Our results that a concomitant drug burden was associated with an optimal adherence to therapy lend support to previous data by Noens et al (2009) who showed an association between more medication to be taken daily and better adherence in CML patients undergoing imatinib therapy. This also seems consistent with earlier studies in patients with other diseases (Jackevicius et al, 2002). A qualitative study by Eliasson et al (2011) reported that adherent patients referred to taking imatinib as being part of their daily routine, hence, it would be possible to speculate that patients who are already taking medication for other diseases might be facilitated in fitting CML therapy into their regular overall medication-taking schedule.

Previous work has shown that some 30% of these patients-reported severe fatigue levels and that between 23 and 53% reported mild levels of other symptoms (Efficace et al, 2011). Thus, we investigated the association of these symptoms with adherence behaviour but did not find any significant relationships. Future longitudinal studies are required to fully ascertain the predictive role of patient-reported symptom burden on adherence from the very beginning of treatment.

Another finding that is noteworthy is that the shorter the time since achieving CCyR was associated with greater adherence in the multivariate analysis of socio-demographic and clinical data. Does this reflect that patients are ‘fine’ with having attained and maintaining CCyR and then become complacent and start being nonadherent? Previous qualitative research has also shown that patients tend to report an increase in intentional nonadherence behaviour over time (Eliasson et al, 2011), and our findings strongly support the need of prospective studies addressing this question.

This study has a number of strengths including a large sample size recruited in a multicenter study, and the use of validated patient-reported measures as possible predictors of adherence behaviour.
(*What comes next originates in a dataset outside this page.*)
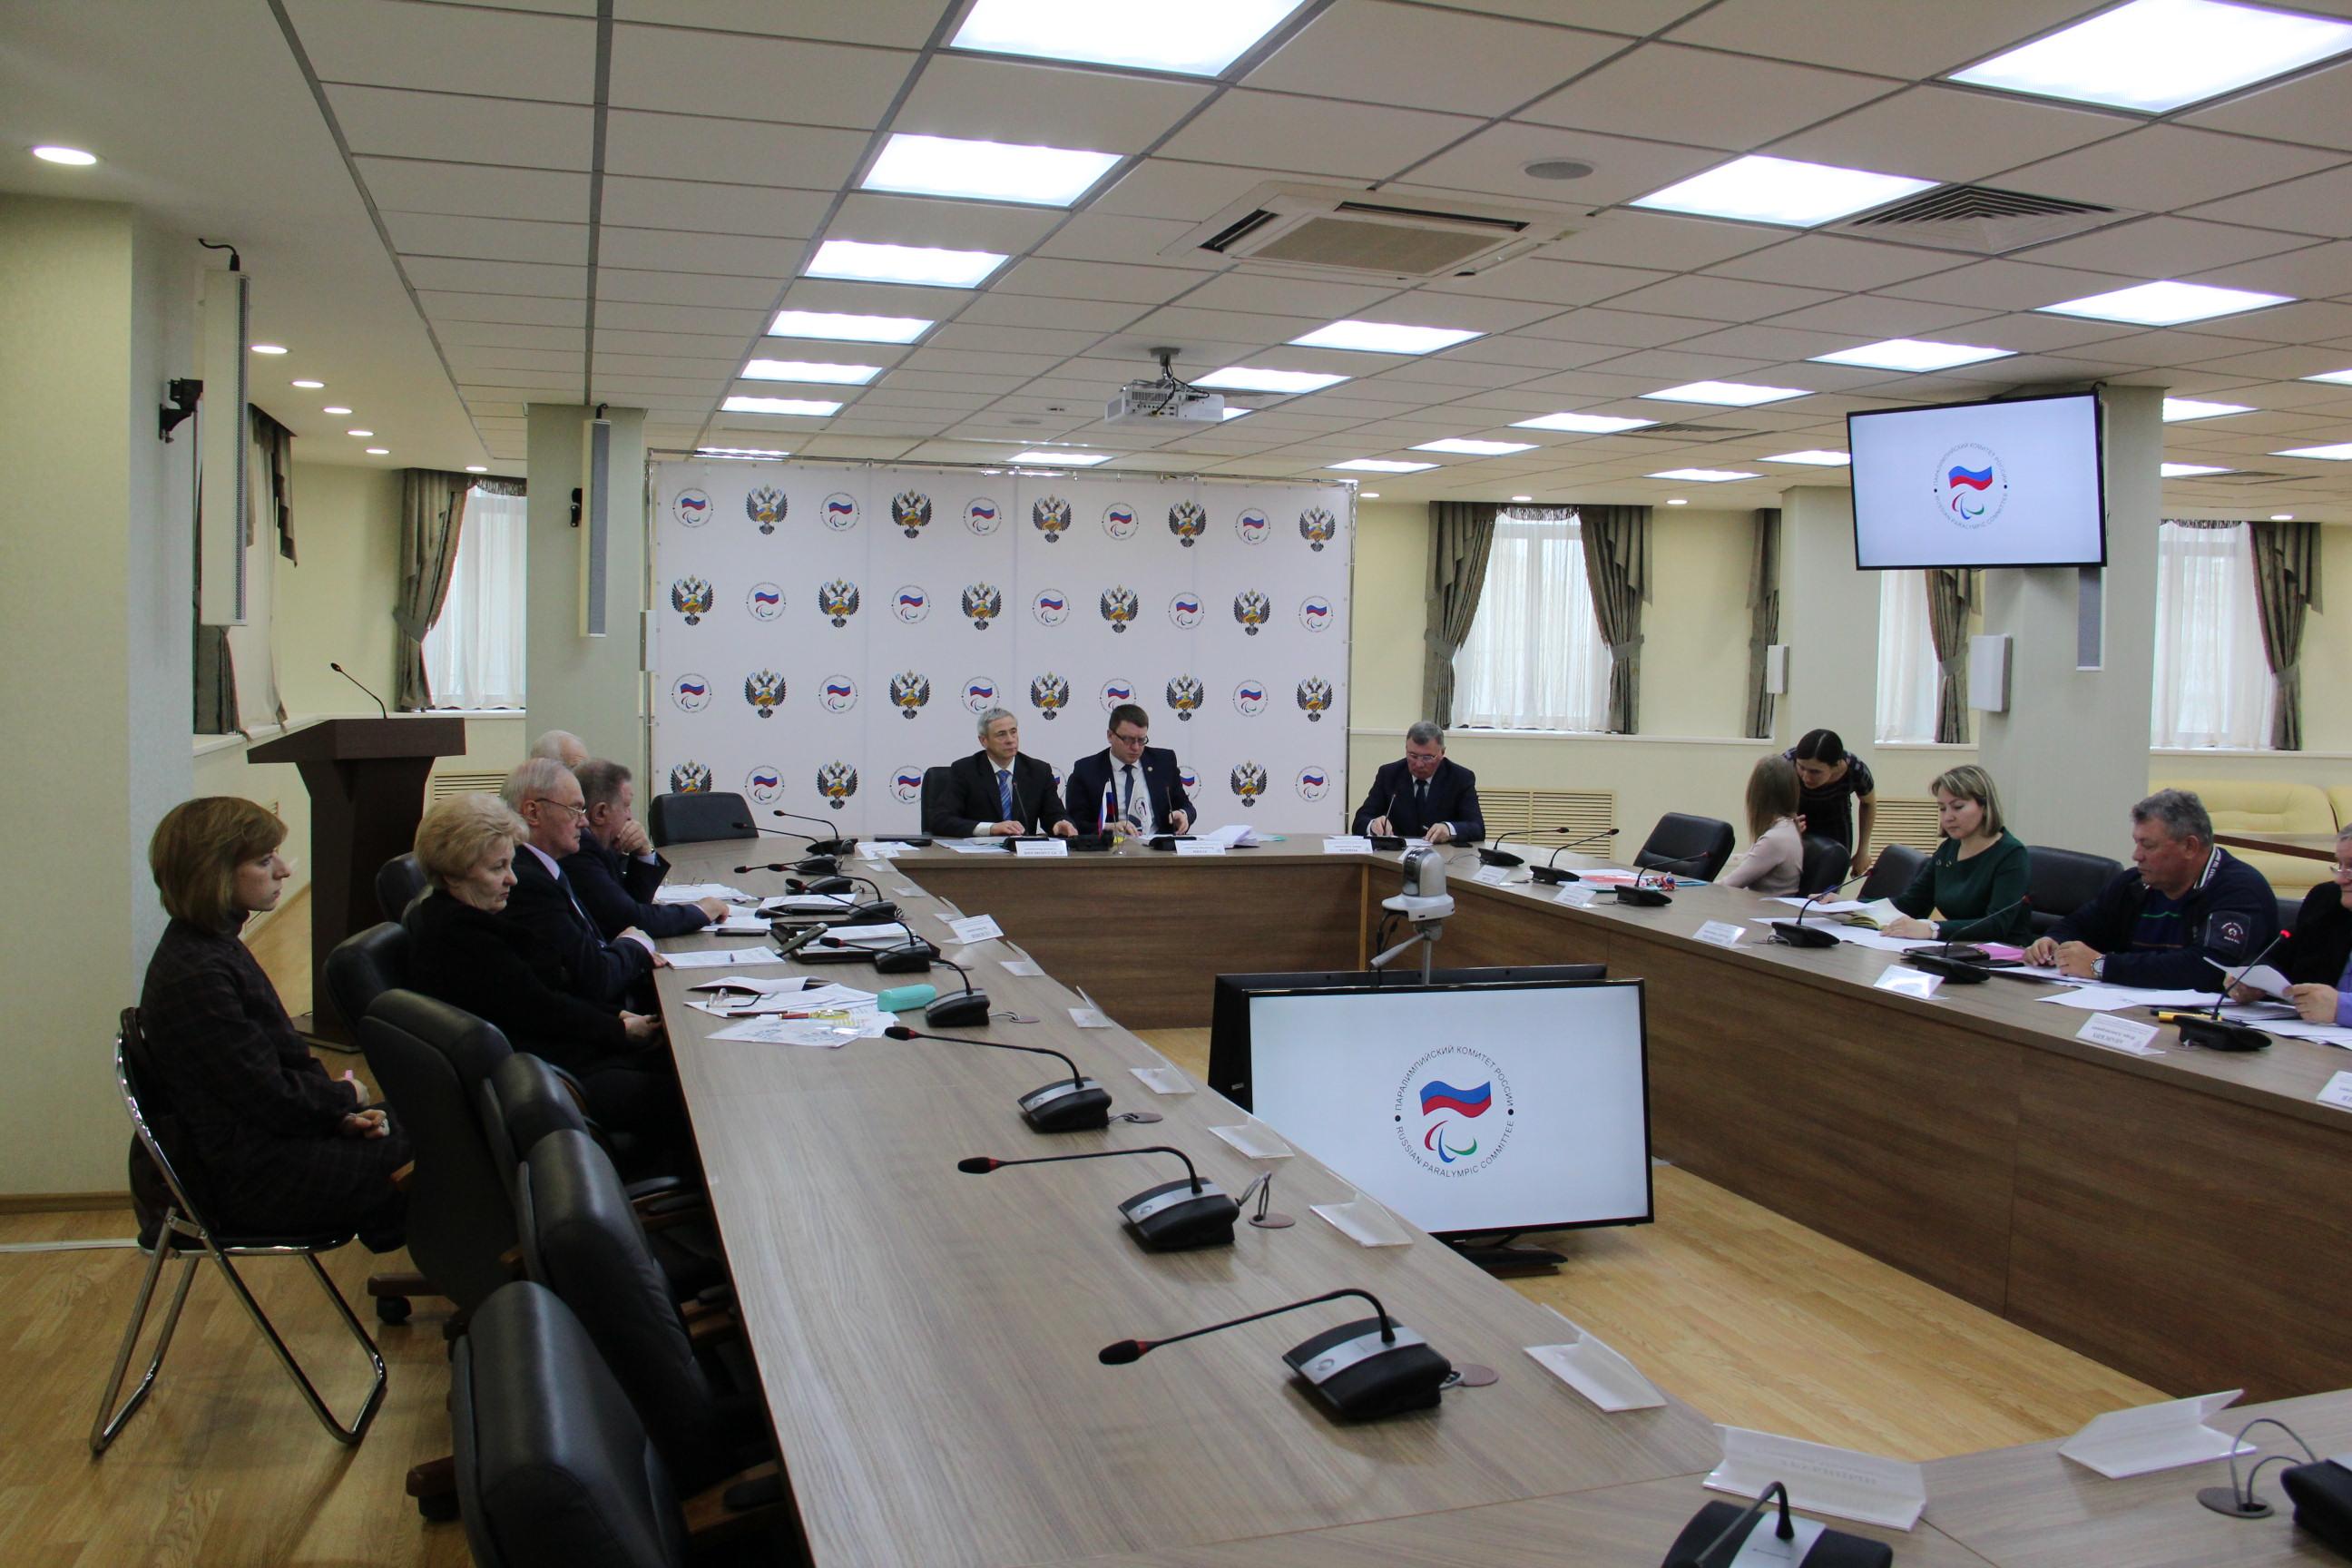 П.А. Рожков в зале Исполкома ПКР провел заседание Бюро рабочей группы по подготовке сборных команд России к участию в Паралимпийских играх-2018

Also, our additional sensitivity analysis confirmed the stability of the final multivariate model, thus strengthening the reliability of our findings.
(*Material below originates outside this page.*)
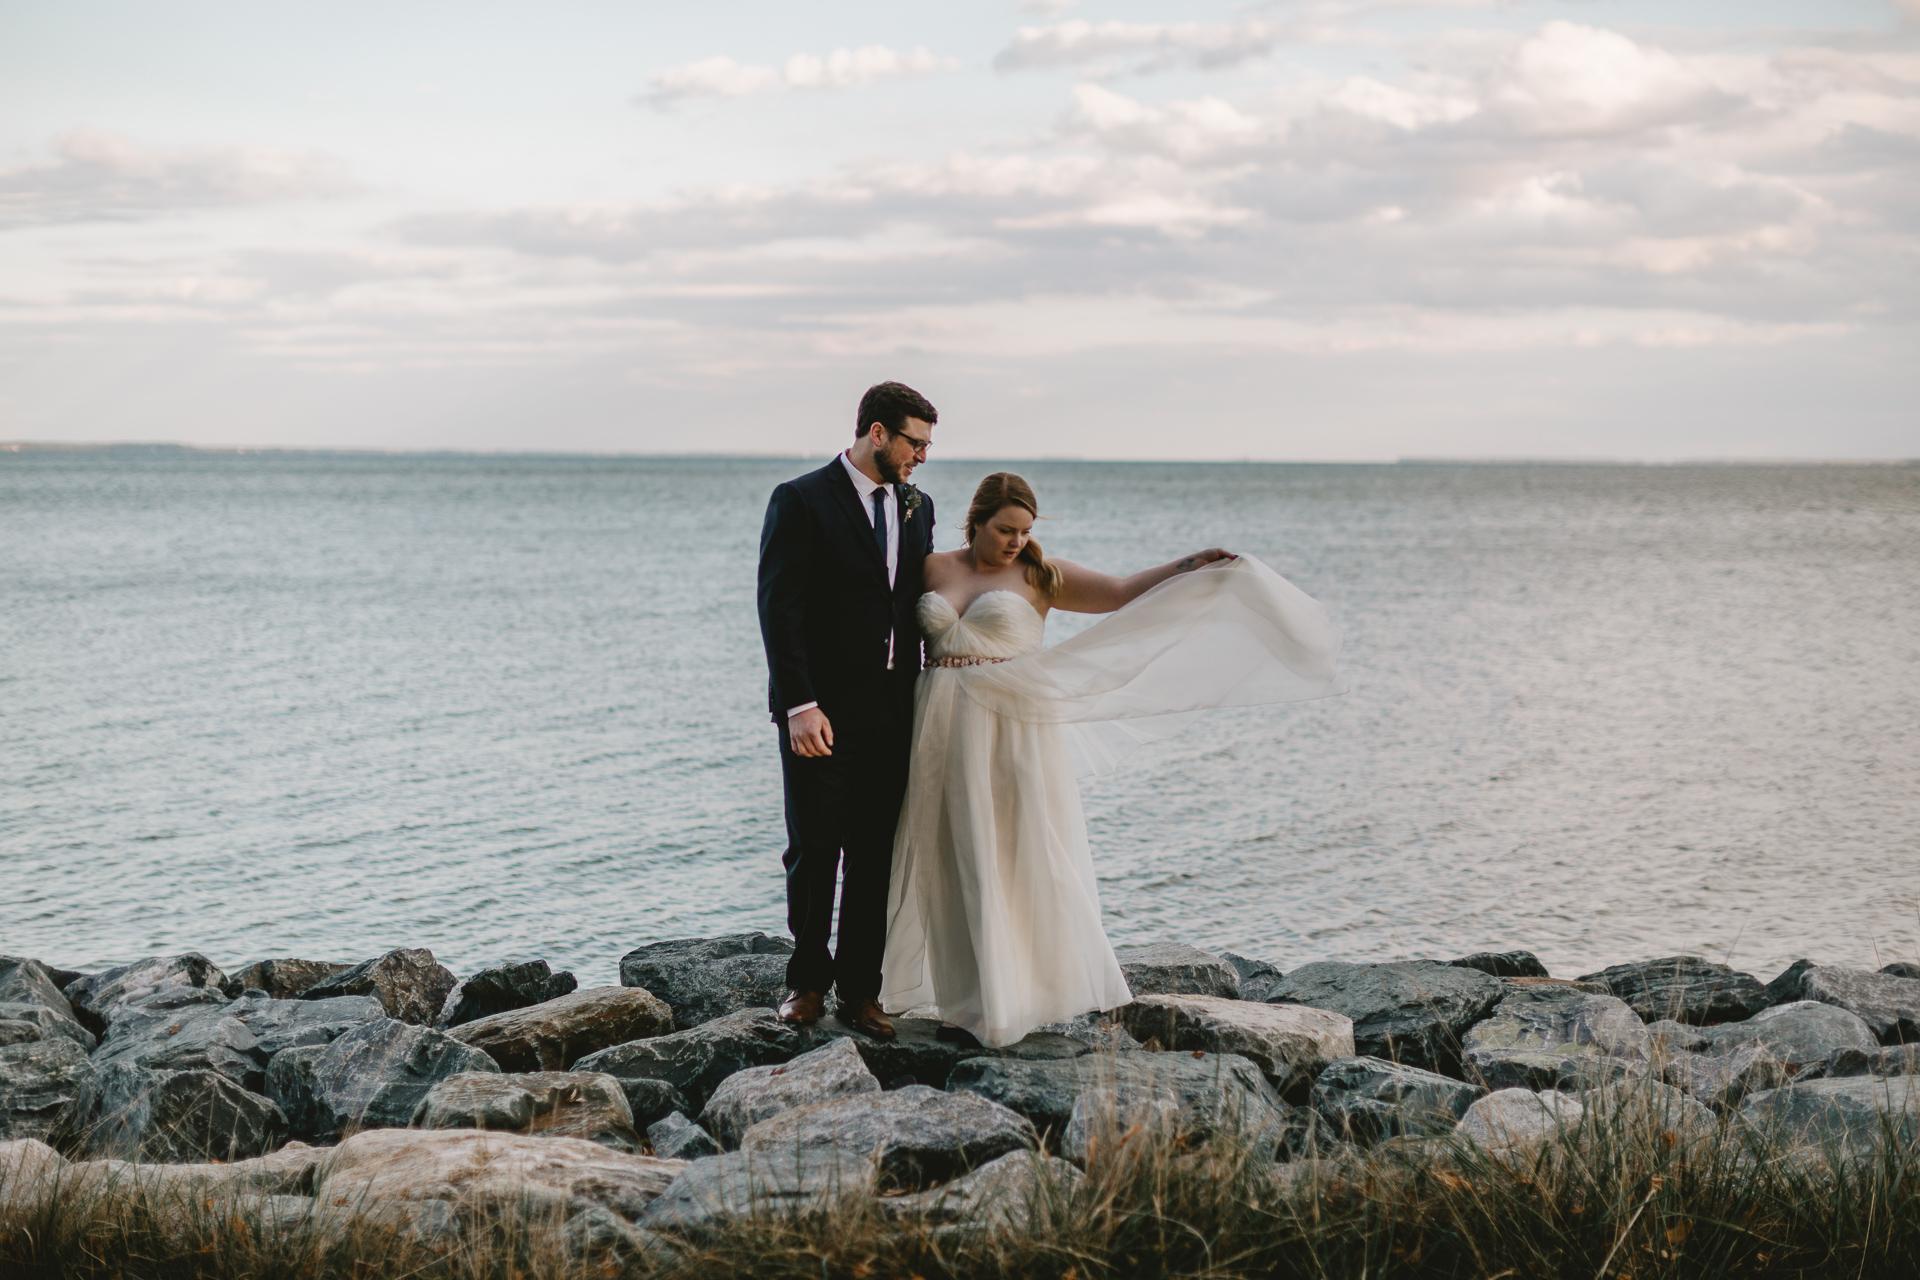 jess-hunter-tilghman-island-wedding-photographer-7989.jpg

This paper, however, also has potential limitations. First, we might have missed additional patient-related factors that have found to be related to adherence in patients with other diseases (Markkula et al, 2012). Second, we used an adapted version of the MMAS and third, it is possible that additional measures of adherence could have further contributed to a more sensitive definition of adherers vs nonadherers in our study. However, we note that as our patients were aware that their treating physicians would not have access to their answers, it is likely that their ratings reflected their actual behaviour in drug assumption. No gold standard exists for measuring adherence (Ruddy et al, 2009) and self-report methods provide a good estimate of medication adherence and also have potential advantages over other methods (Shi et al, 2010; Morisky and DiMatteo, 2011).
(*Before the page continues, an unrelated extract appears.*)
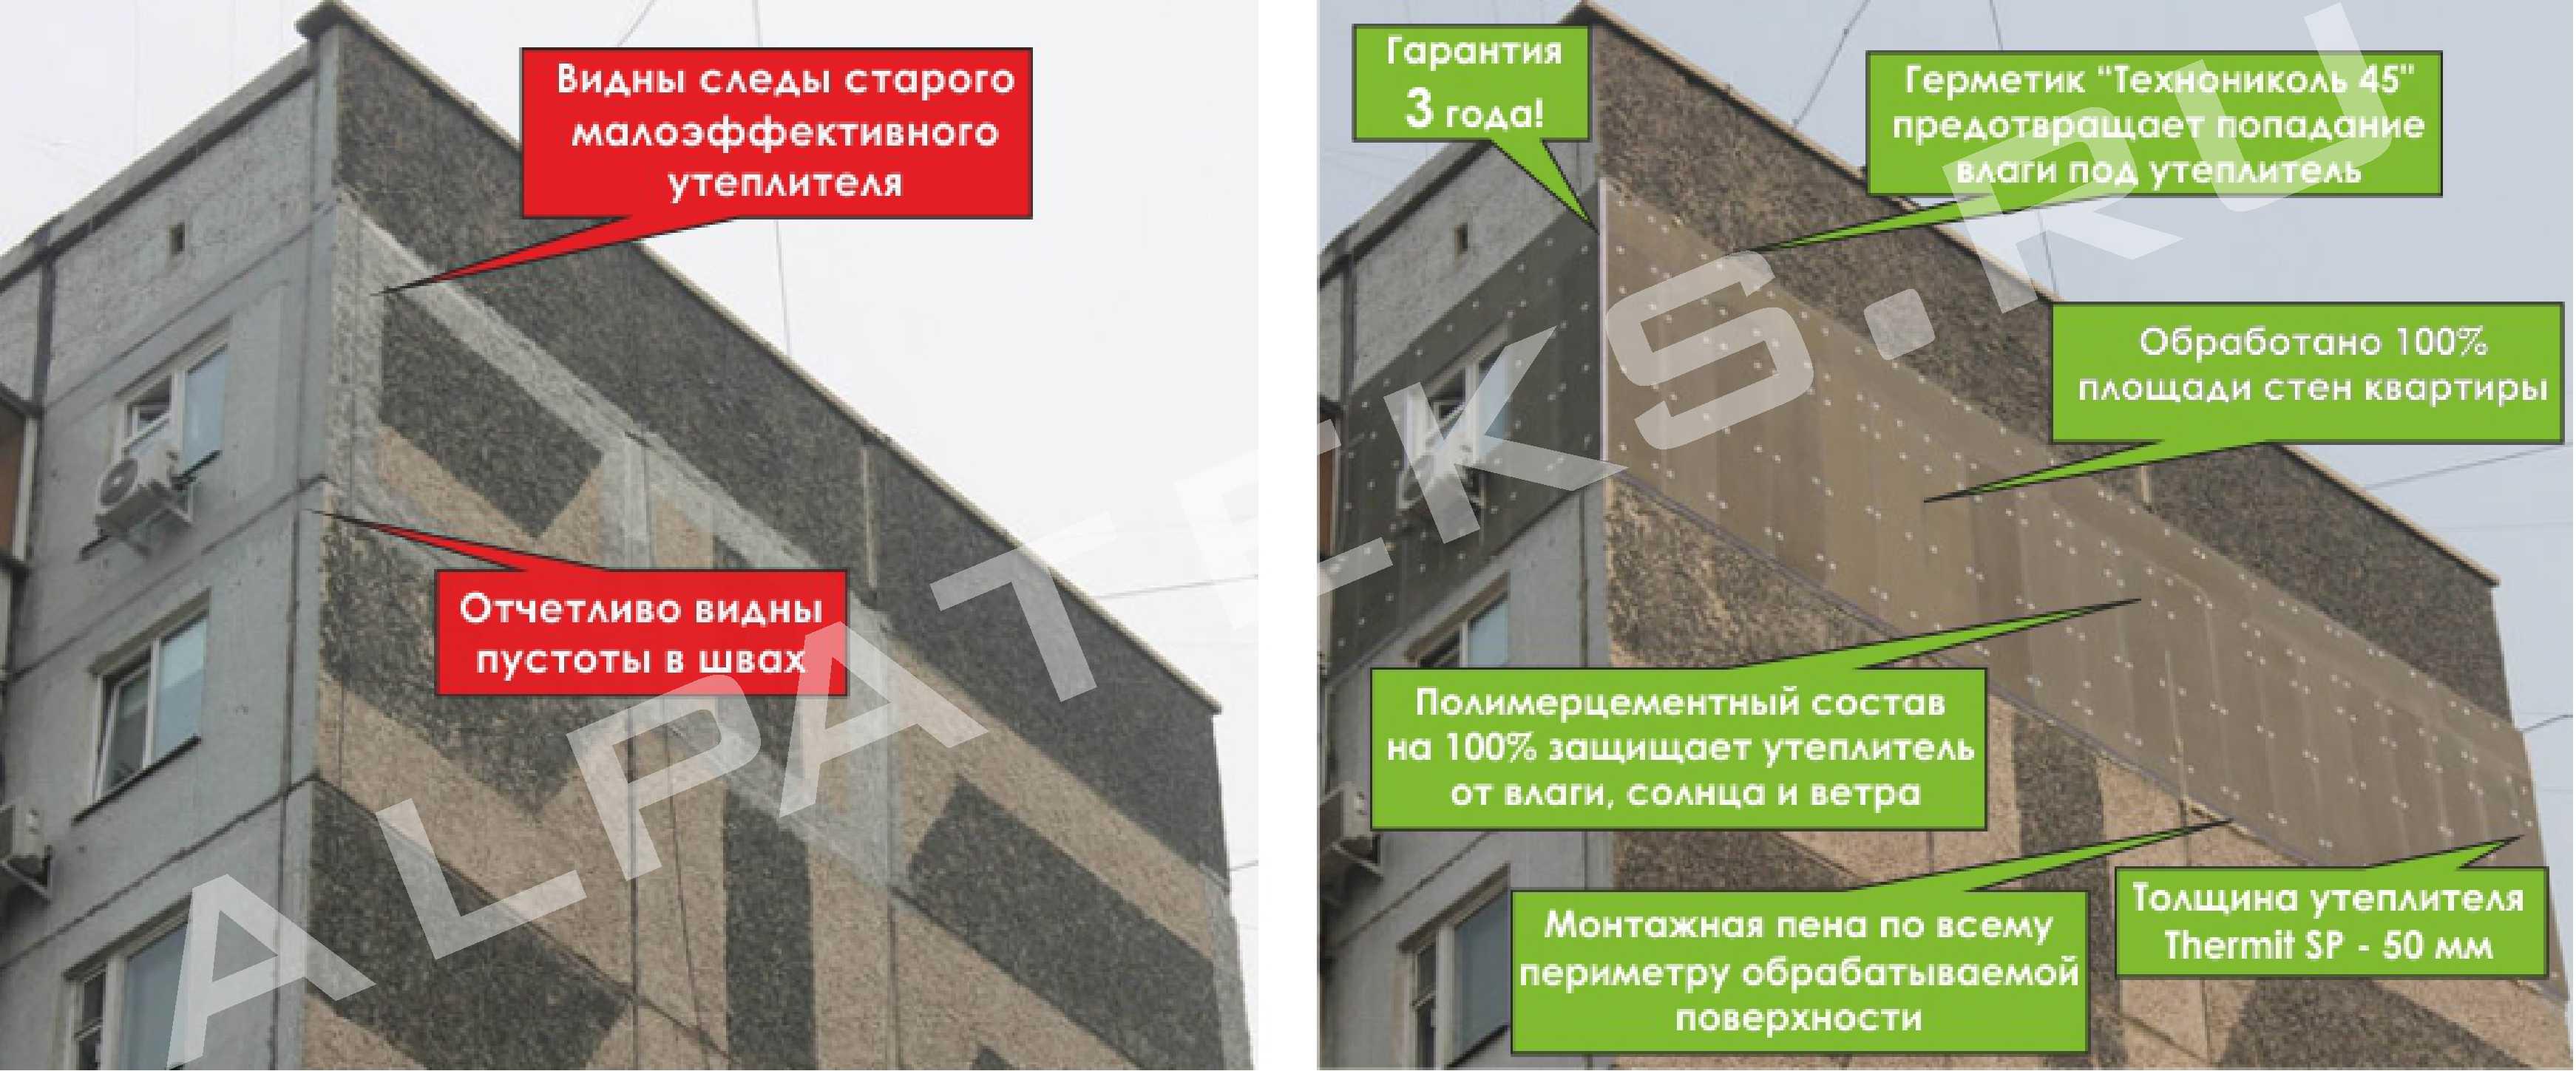 Стоимость утепления фасада минеральной ватой

These potential limitations notwithstanding, we are confident our results extend findings of previous research on the relationships between poor adherence and CML treatment outcomes (Noens et al, 2009; Marin et al, 2010; Ibrahim et al, 2011) to suggest key potential determinants of adherence behaviour. Physicians are encouraged to pay special attention to factors identified in this study as they could help to promptly identify patients who might be at a heightened risk of nonadherence.